The Data Tsunami Quantified
High-performance computing (HPC) requires vast amounts of data capacity and velocity. That data holds value for organizations and society.
One person I spoke with at the SC22 supercomputing conference is responsible for managing technology for a commercial genomics company. It processes 2 PB of genomics data daily, keeping “just” 100TB of that data. They would like to save more of the raw data for future research but have not found a practical solution that enables them to do so.
Such a cost-effective solution would necessarily use commonly available non-proprietary hardware and provide a seamless transition to supporting new storage capacities and media types as technology evolves.
Raphael Griman, Compute Team Lead for EMBL-EBI, said his organization currently stores more than 250PB of public science data and expects to cross the exabyte boundary within a year. That means EMBL-EBI adds an average of 2PB to its environment each day.

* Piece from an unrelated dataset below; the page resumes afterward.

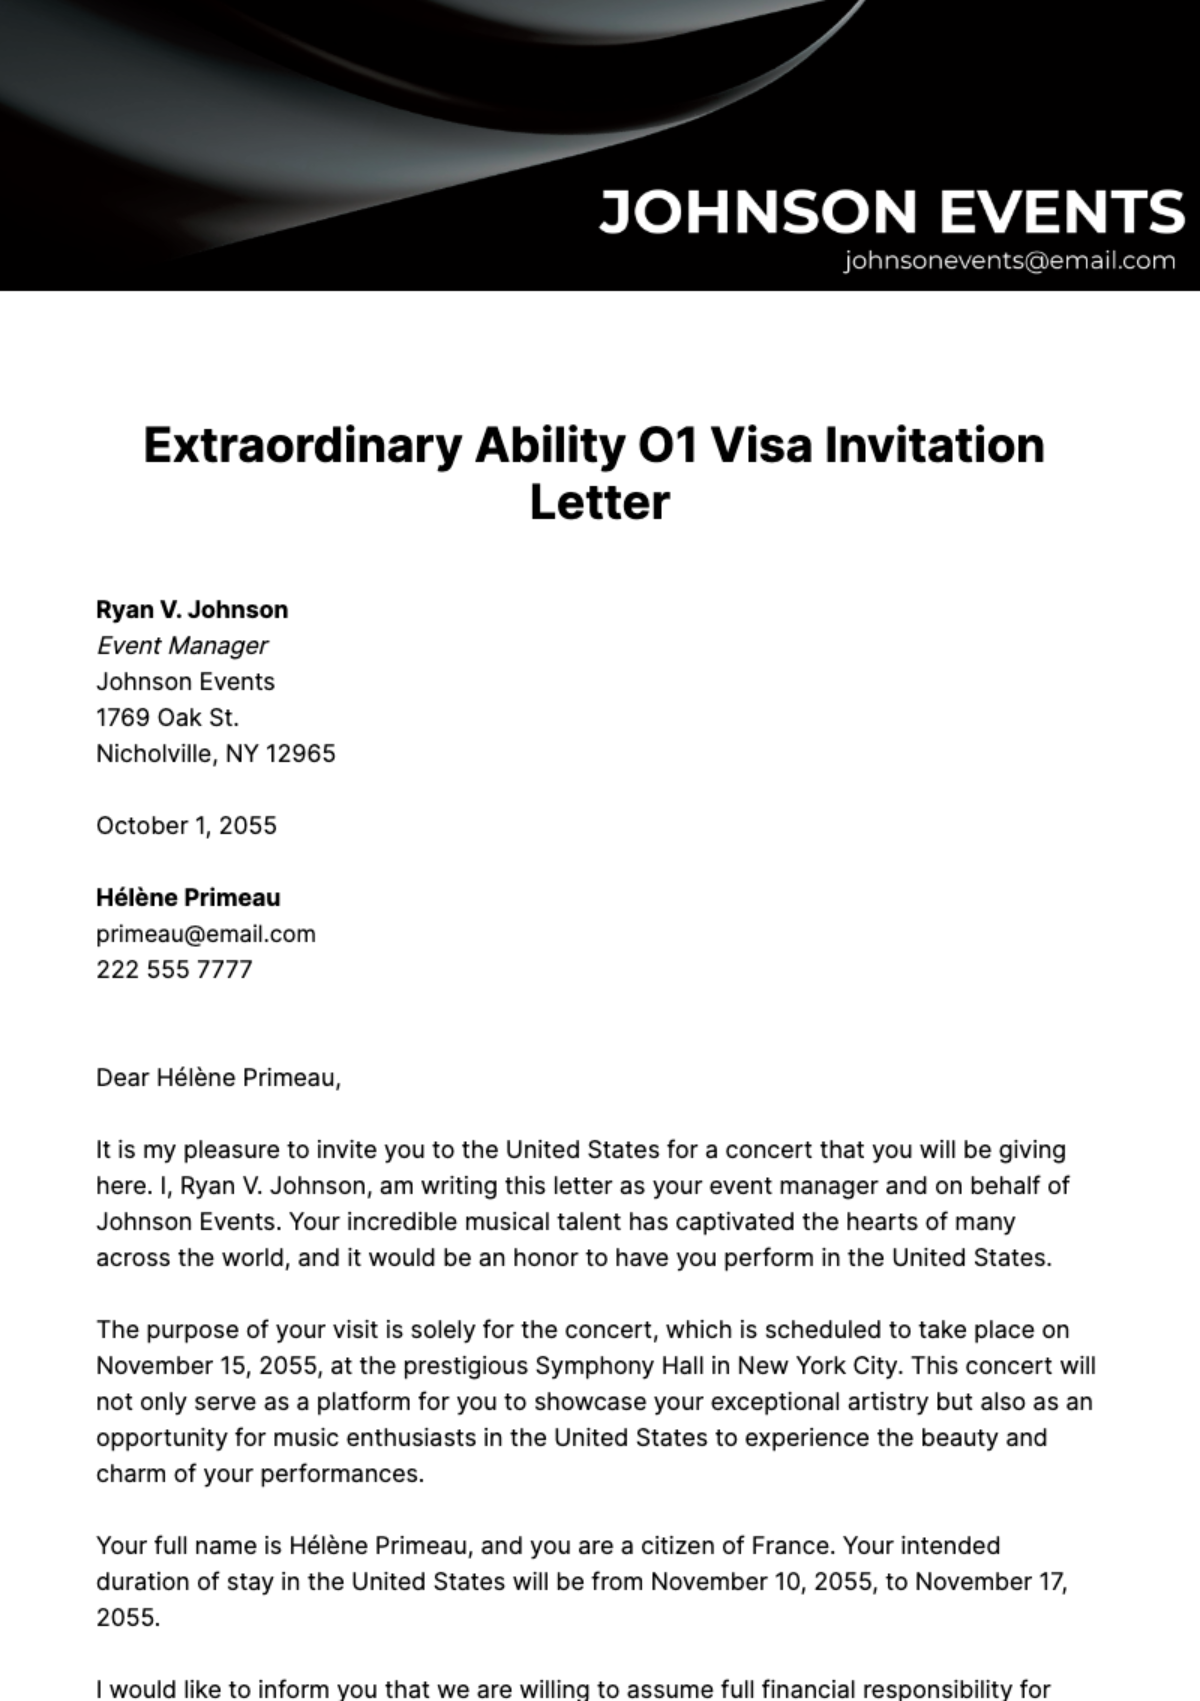 Extraordinary Ability O1 Visa Invitation Letter Template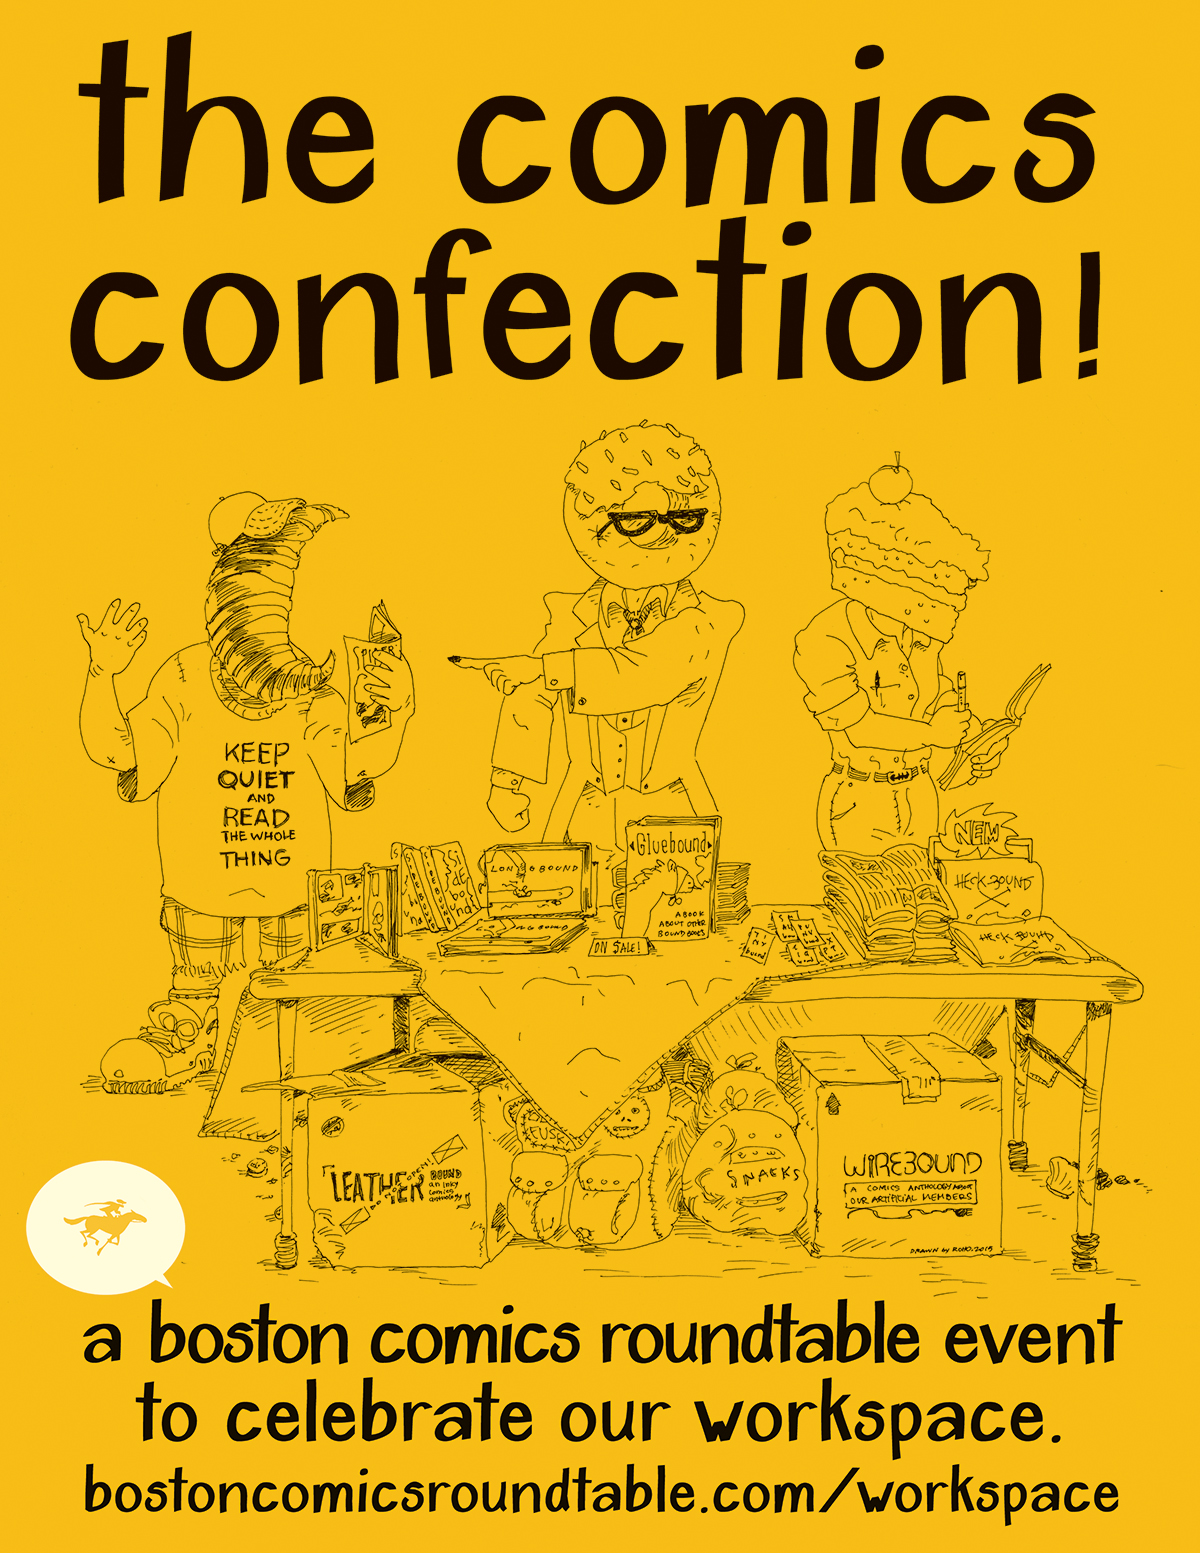 http://bostoncomics.com/wp-content/uploads/2015/06/The-Comics-Confection-Temporary-Flyer.jpg

Sustainability – Reducing Data’s Carbon Footprint
Bhupinder Bhullar, Swiss Vault Co-founder and CEO also worked in genomics. He recognized the need to preserve and secure this sensitive data for a lifetime. He concluded that “Every CIO should have a strategy for 100-year data retention.”
The co-founders started Swiss Vault to solve the problem of economically and reliably archiving huge volumes of data for decades. Swiss Vault’s separate software and hardware innovations enable economical, resilient, and environmentally sustainable data management.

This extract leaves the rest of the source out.